Starting with the line in which "Industrial Maida Flour Mill Plant" appears, give back every line exactly as written until the listing ends, excluding pictures.

## GIVEN DATA
-------
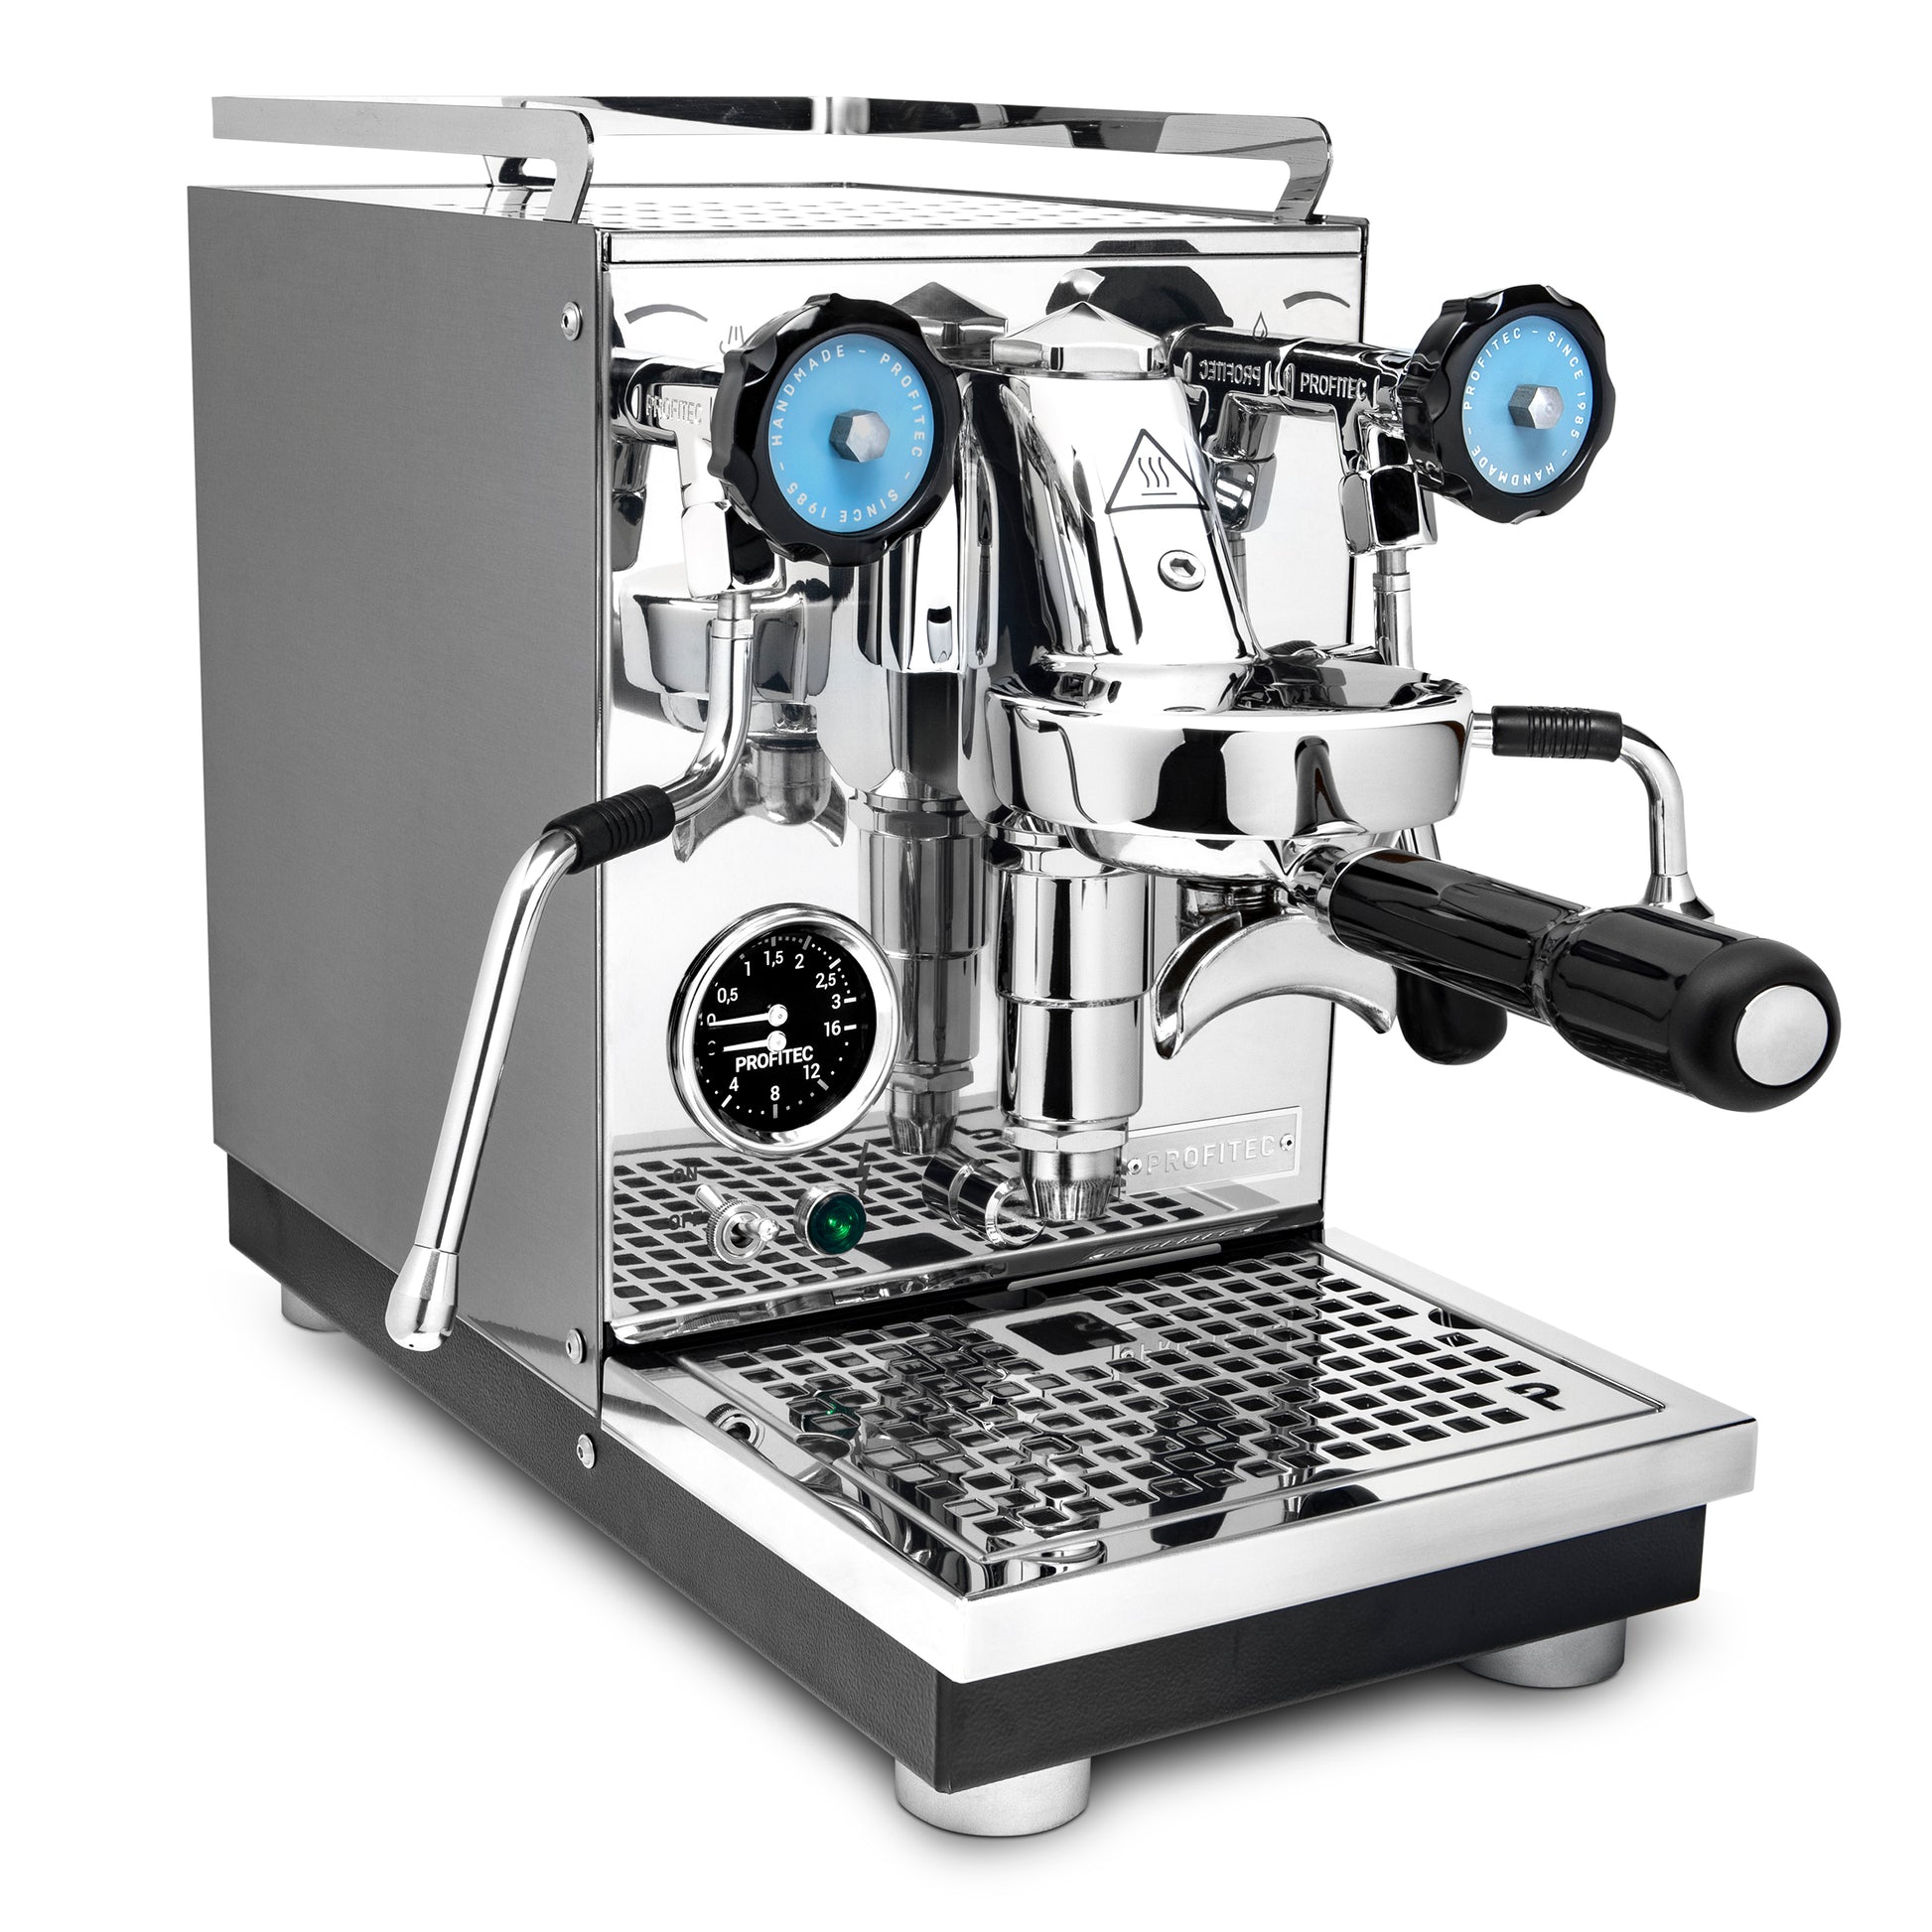 Wirsh espresso machine: an impressive model for just $150
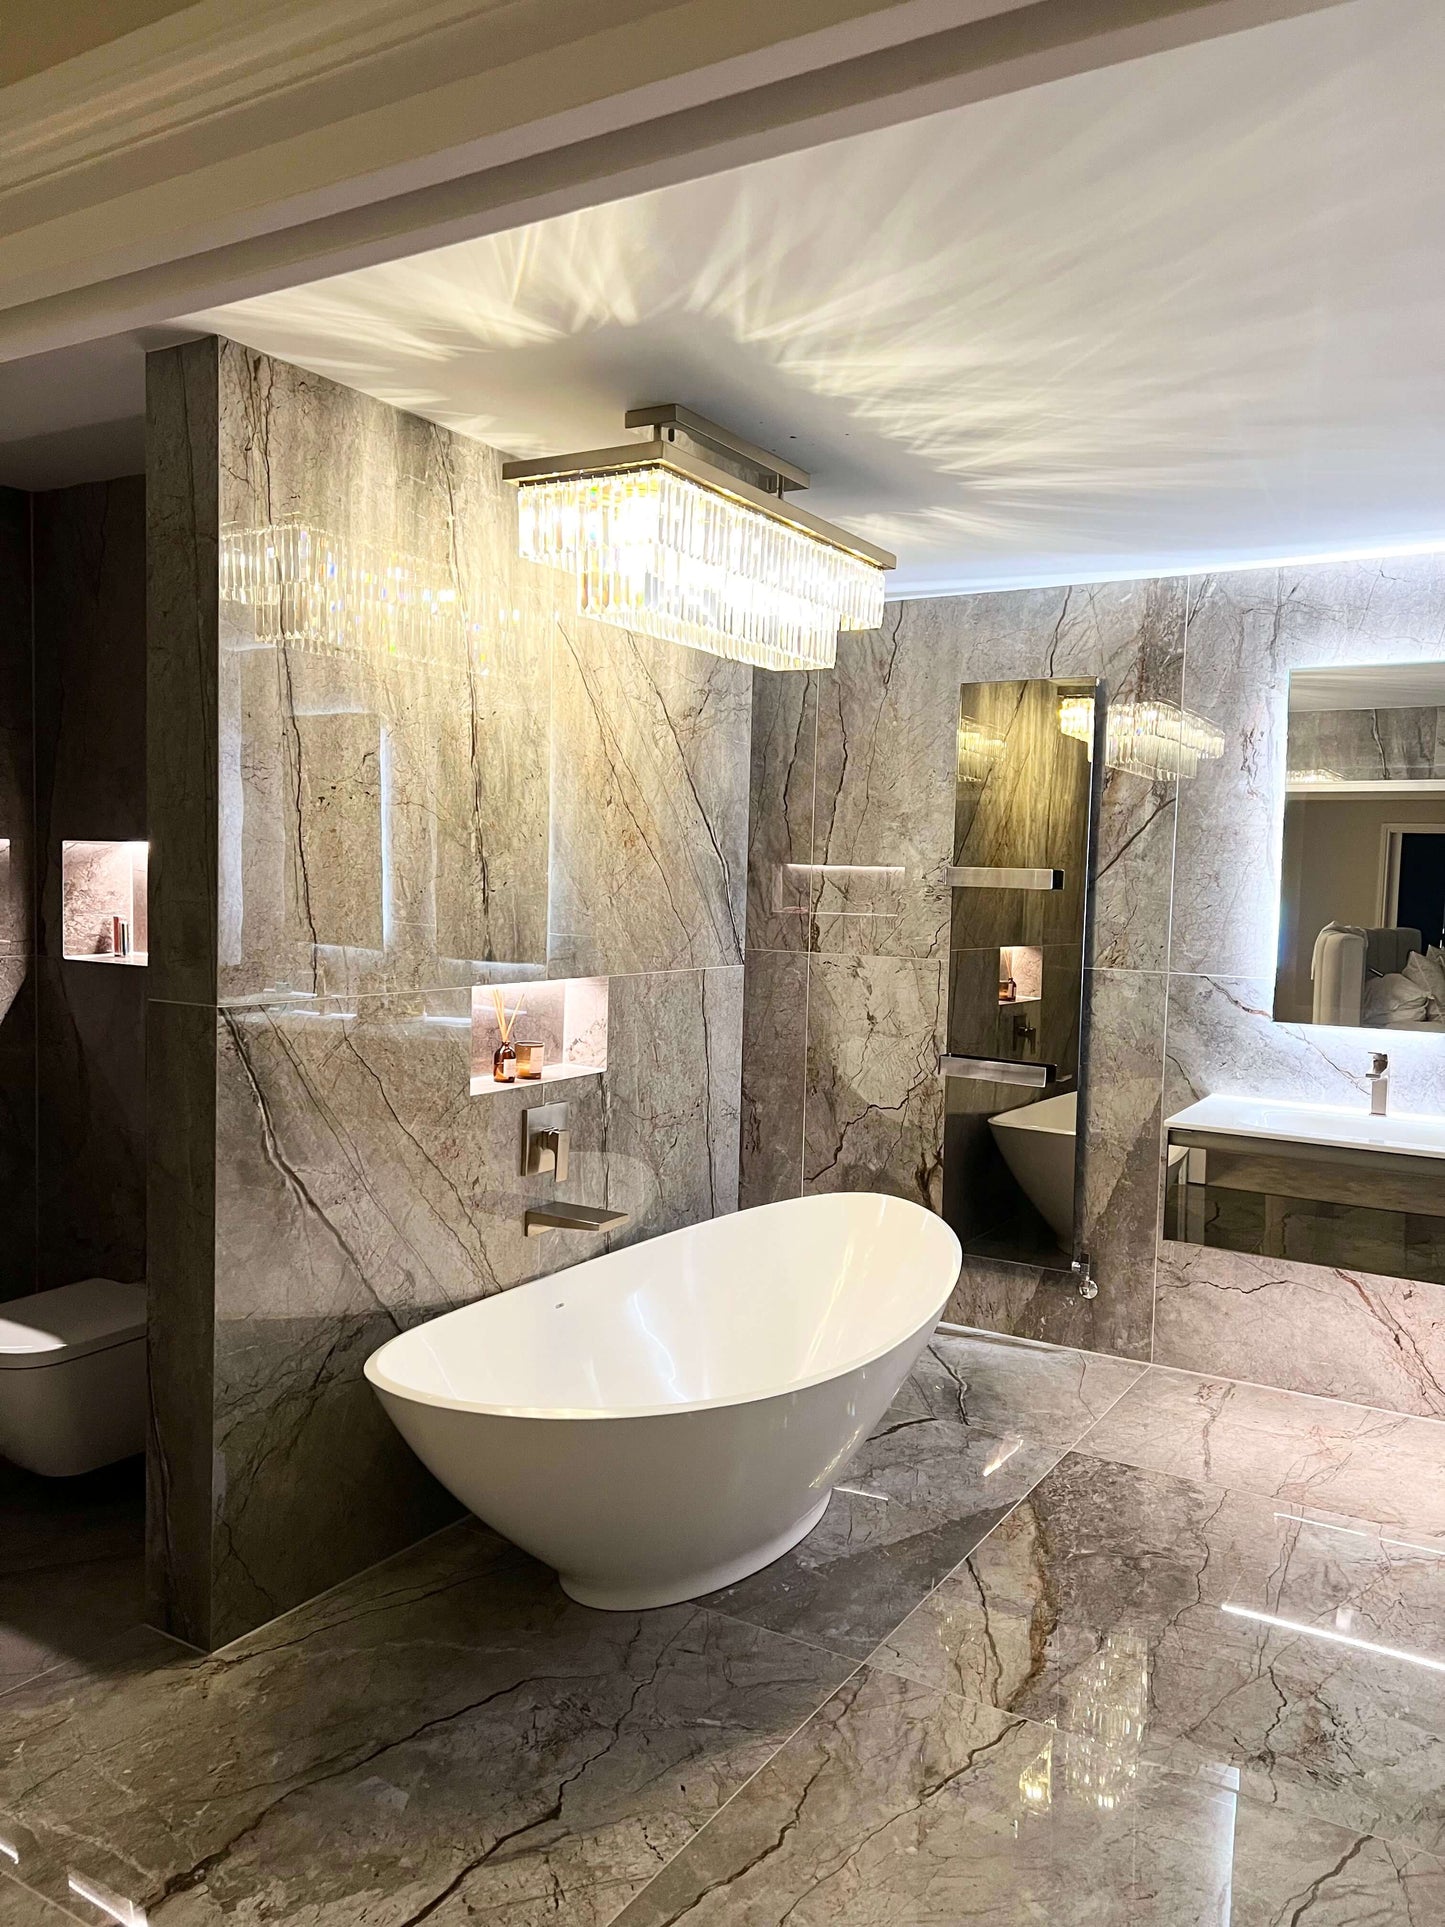 Luxury Bespoke Bathroom IP44 Rated Chandelier
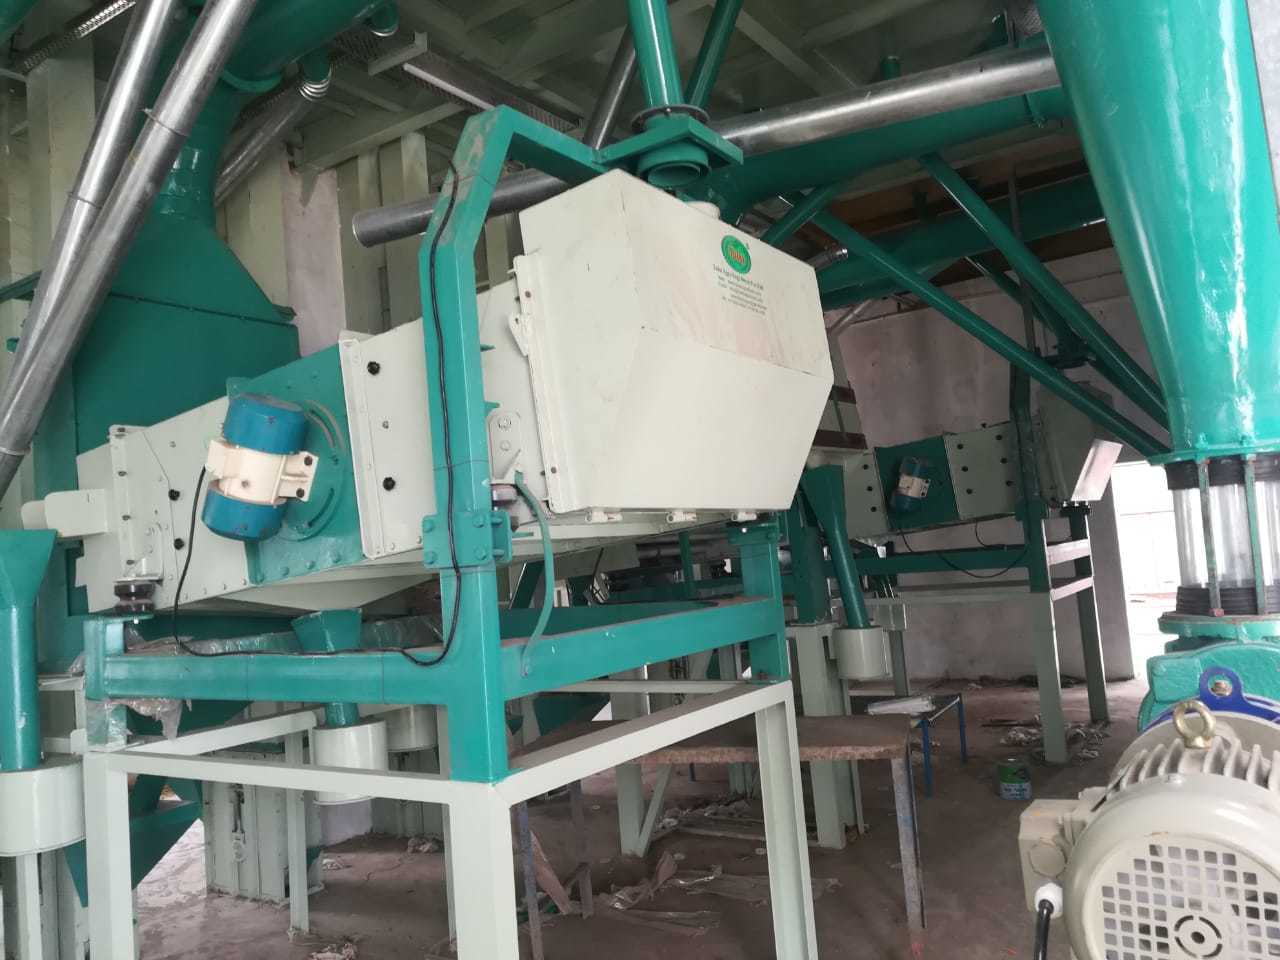 Industrial Maida Flour Mill Plant
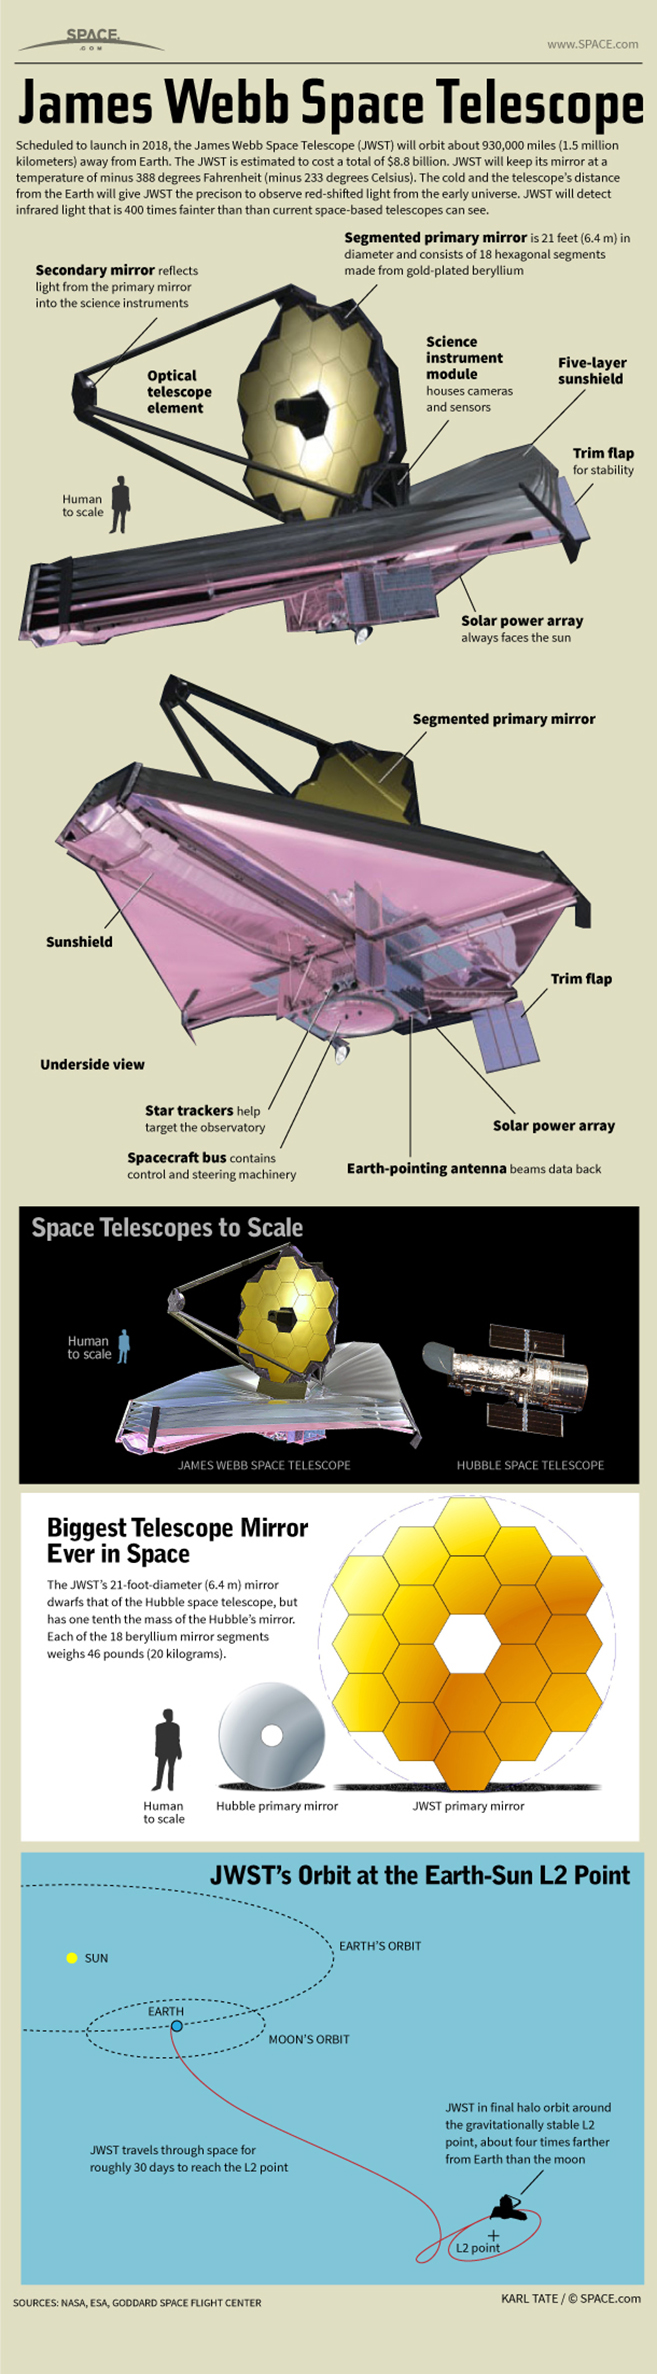 The James Webb Telescope
-------
## SOLUTION
 Industrial Maida Flour Mill Plant
 The James Webb Telescope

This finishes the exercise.